▶ [GOAL OF THE EXERCISE]
Each line below must be set down exactly; omit any image you find.

▶ [SOURCE DATA]
******

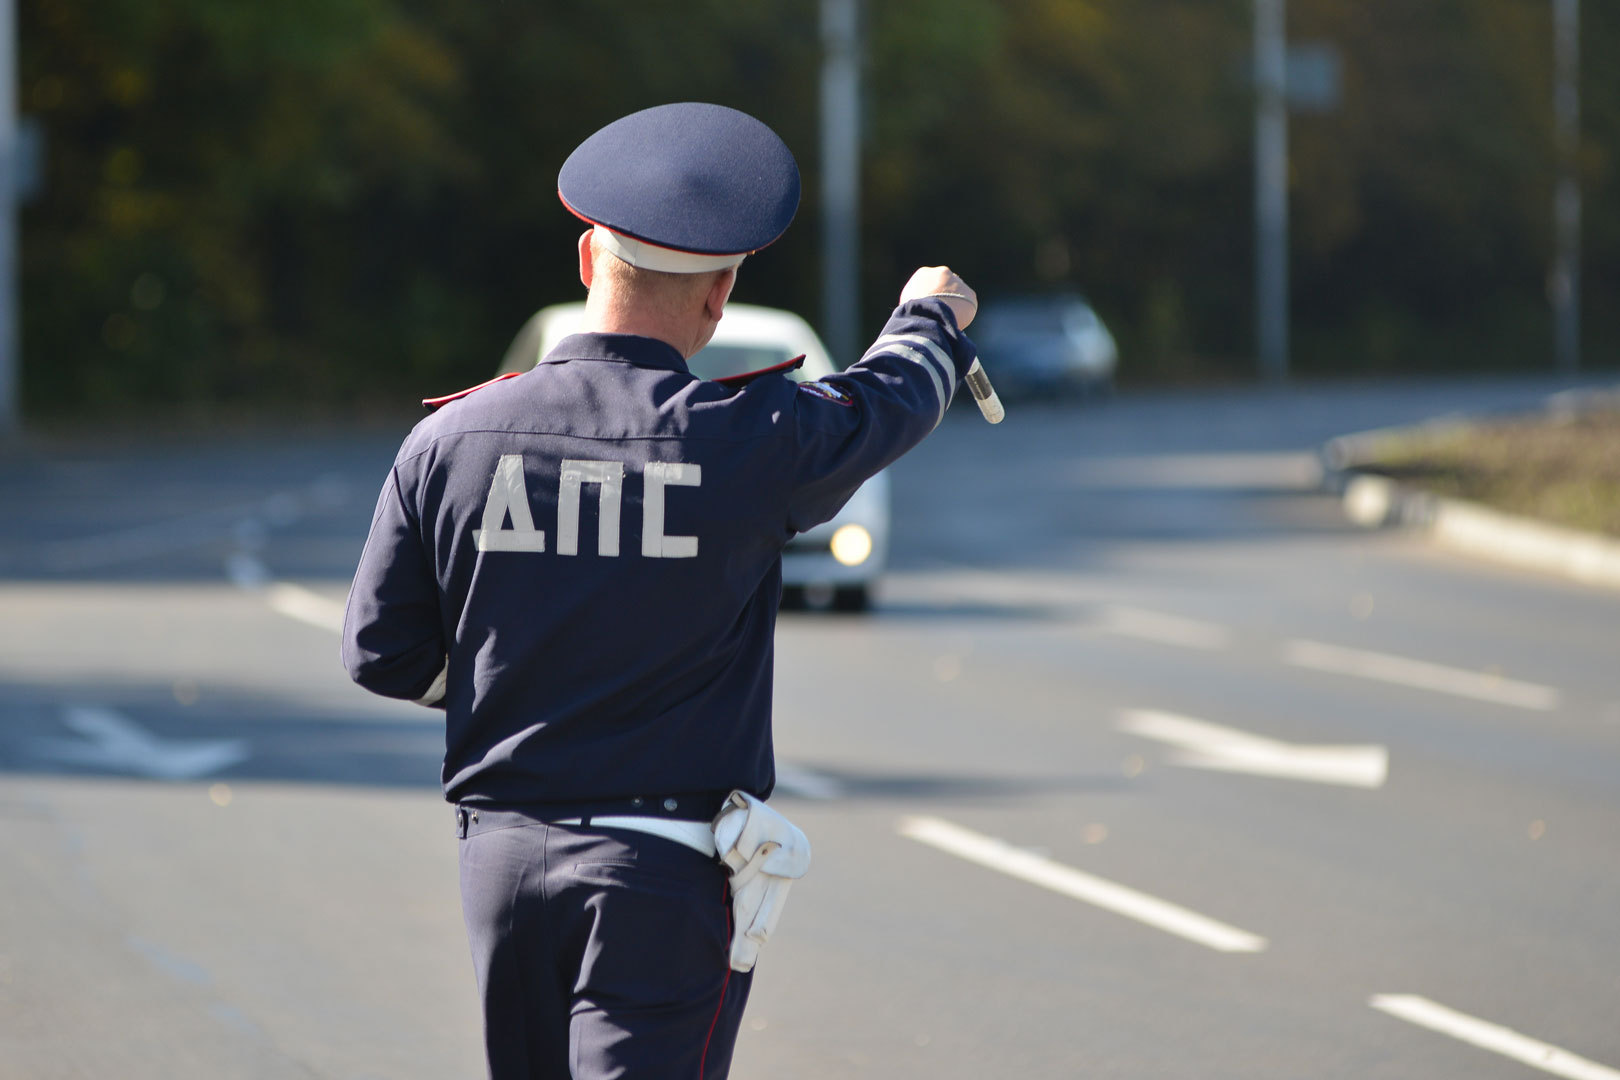 ВКочубеевском районе словили нетрезвого водителя на Лада Priora
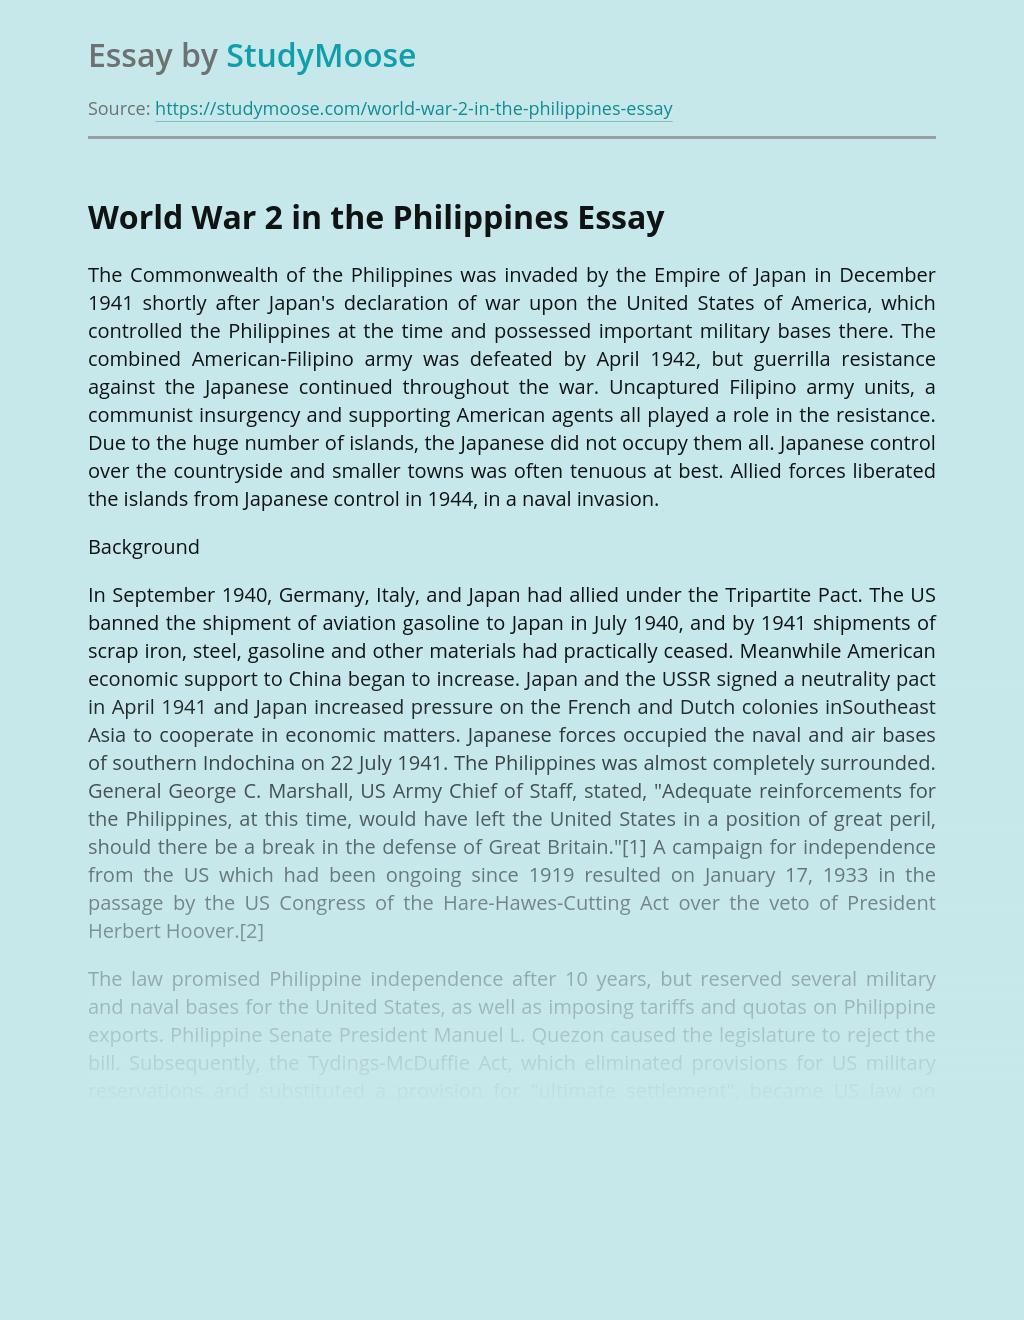 World War 2 in the Philippines
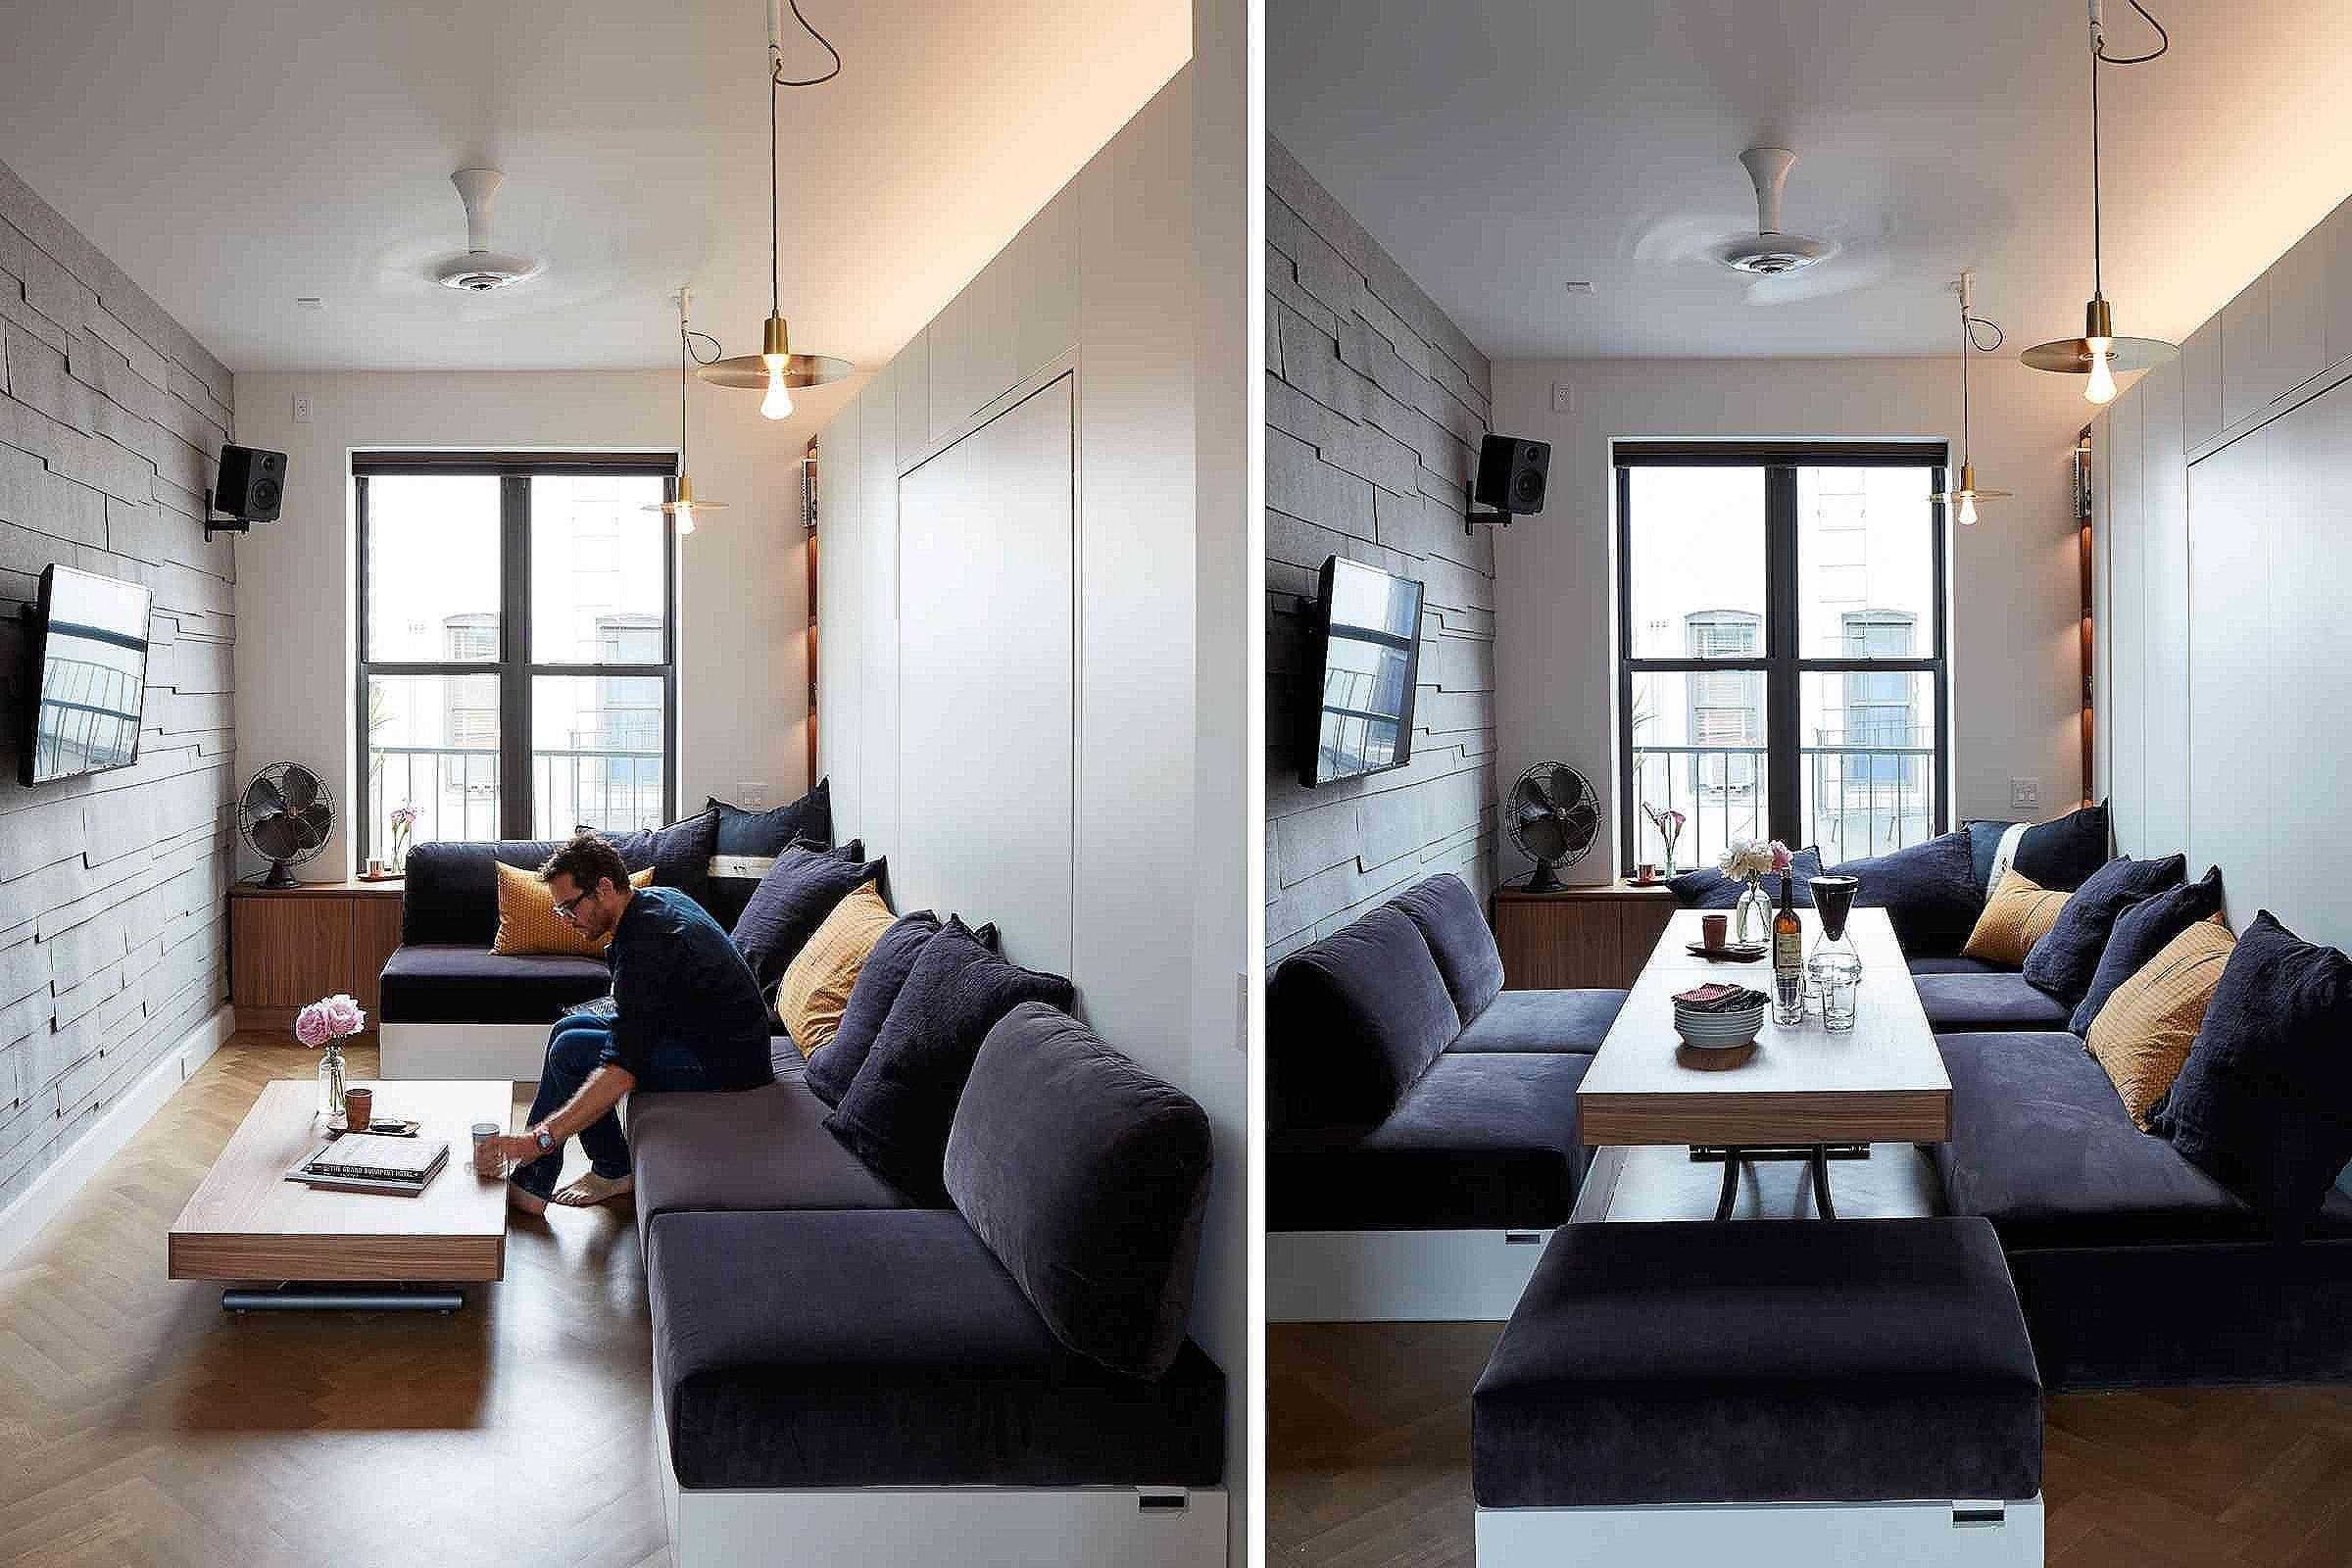 #apartmentlivingforcollegestudents #apartmentlivingorhouse ...

******

▶ [FINAL ANSWER]
 ВКочубеевском районе словили нетрезвого водителя на Лада Priora
 World War 2 in the Philippines
 #apartmentlivingforcollegestudents #apartmentlivingorhouse ...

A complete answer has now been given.